The Democrats’ Dilemma
This article is from the archive of The New York Sun before the launch of its new website in 2022. The Sun has neither altered nor updated such articles but will seek to correct any errors, mis-categorizations or other problems introduced during transfer.

It’s hard being a Democrat running for president in 2007. On the one hand, you know that if you are lucky enough to get the nomination, you are going to have to veer away from the neutralists in your base — if you are to have a prayer of winning a general election in a time of war. On the other hand, you need those neutralists to get the nomination.
Consider the dilemma of Hillary Rodham Clinton. On Wednesday she voted with 75 of her colleagues to condemn Iran’s role in sabotaging Iraq, killing our soldiers and recommending that the White House get on with designating the Revolutionary Guard a terrorist organization. Even her fellow New Yorker, Senator Schumer, joined the ayes in that vote which did little more than express the sense of the senate in a non-binding resolution.
For most Americans, this vote is as controversial as declaring one’s opposition to cancer or support for fire fighters. But many Democratic primary voters are not like most Americans. Hence at the Dartmouth debate Wednesday night, Mrs. Clinton was skewered by her rivals on the stage. The former trial lawyer and senator, John Edwards, said the measure reminded him of the Iraq war resolution that he voted for in 2002. Everyone knows what happened after that.
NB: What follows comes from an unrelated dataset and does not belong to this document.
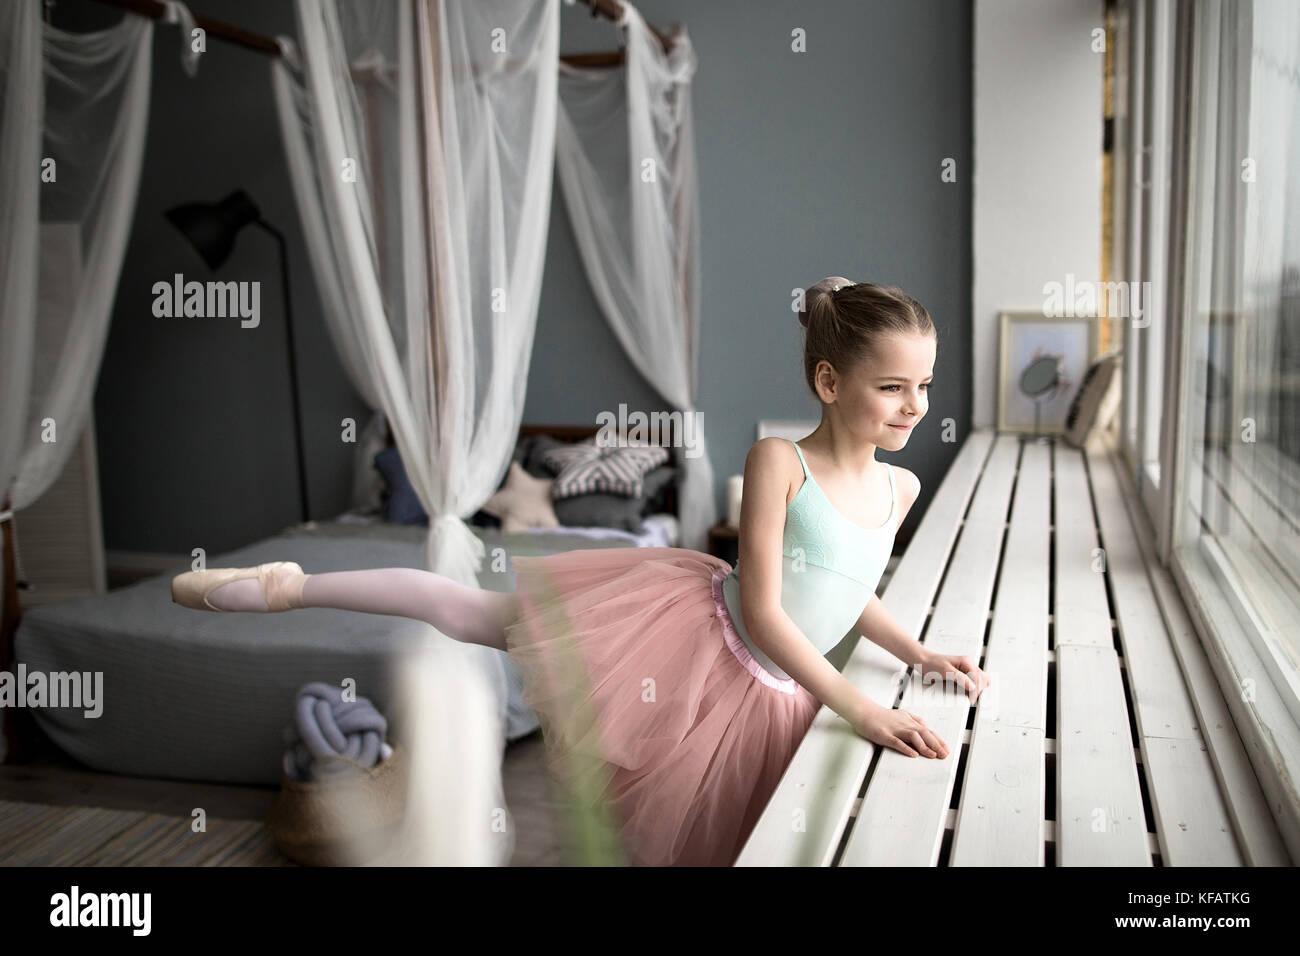 Süße kleine Ballerina in rosa Ballett Kostüm und Spitzenschuhe tanzt im Zimmer. Kind Mädchen Stockbild

Mrs. Clinton’s fellow senators, Joe Biden and Chris Dodd, voted nay on the measure. Senator Obama skipped the vote altogether. A wild Alaskan who also used to be a senator, Mike Gravel, told Mrs. Clinton that he was ashamed of her. And what does one expect? A Daily Kos internet poll taken the day before the Iranian president’s speech at Columbia asked the net roots who they would rather have as president, President Bush or President Ahmadinejad. It turns out the front man for the Mullahs garnered an astounding 40% plurality among the Daily Kos poll takers.
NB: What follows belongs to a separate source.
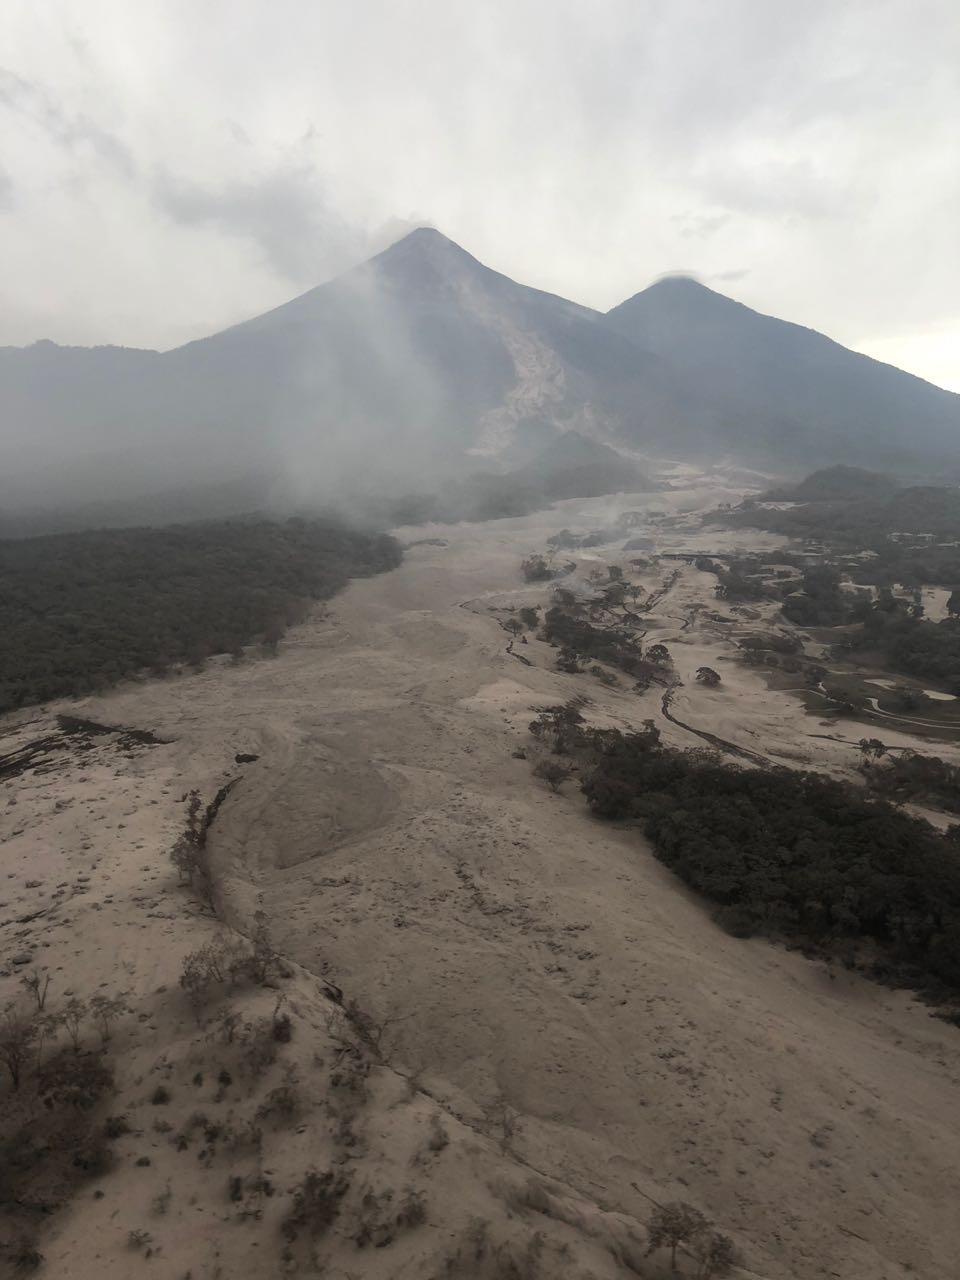 Situación de emergencia por la erupción del Volcán de Fuego en Guatemala

These are the Democrats driving the nomination process in 2007 in the party of Hillary Clinton. Those who seek the party’s presidential endorsement must court this toxic 40%. So on the one hand New Yorkers can congratulate Mrs. Clinton and Mr. Schumer for casting a tough vote and displeasing their party’s activists. But they can also mark an emerging pattern. It was only two weeks ago that Mrs. Clinton and Mr. Schumer refused to condemn the MoveOn.org libel of General Petraeus. For the senate resolution rebuking personal attacks against men in uniform, Mrs. Clinton voted with the left-wing base.
No doubt General Petraeus wears the contempt of fools and liars with the pride of all just men. On Iran, however, despite the non-binding nature of the resolution, something else was at stake. American diplomats are today in negotiations with our European allies to craft tough sanctions on Iran’s oil sector as punishment for the country’s enrichment of nuclear fuel. To lack resolve at this moment, after President Ahmadinejad challenges the world to oppose him yet again at the General Assembly, could undermine a negotiation that must succeed if there is a chance to prevent the bombardment so many in the left oppose.
Mrs. Clinton and Mr. Schumer understand this dynamic all too well. They also know something else. There is little chance the Iranian terror war will let up, and there is a chance the Mullahs will gain their A-bomb in the short term. If that occurs many Democratic voters will be looking back to last Wednesday’s vote in the senate to see how the leaders of their party voted when there had been a chance to stave off disaster.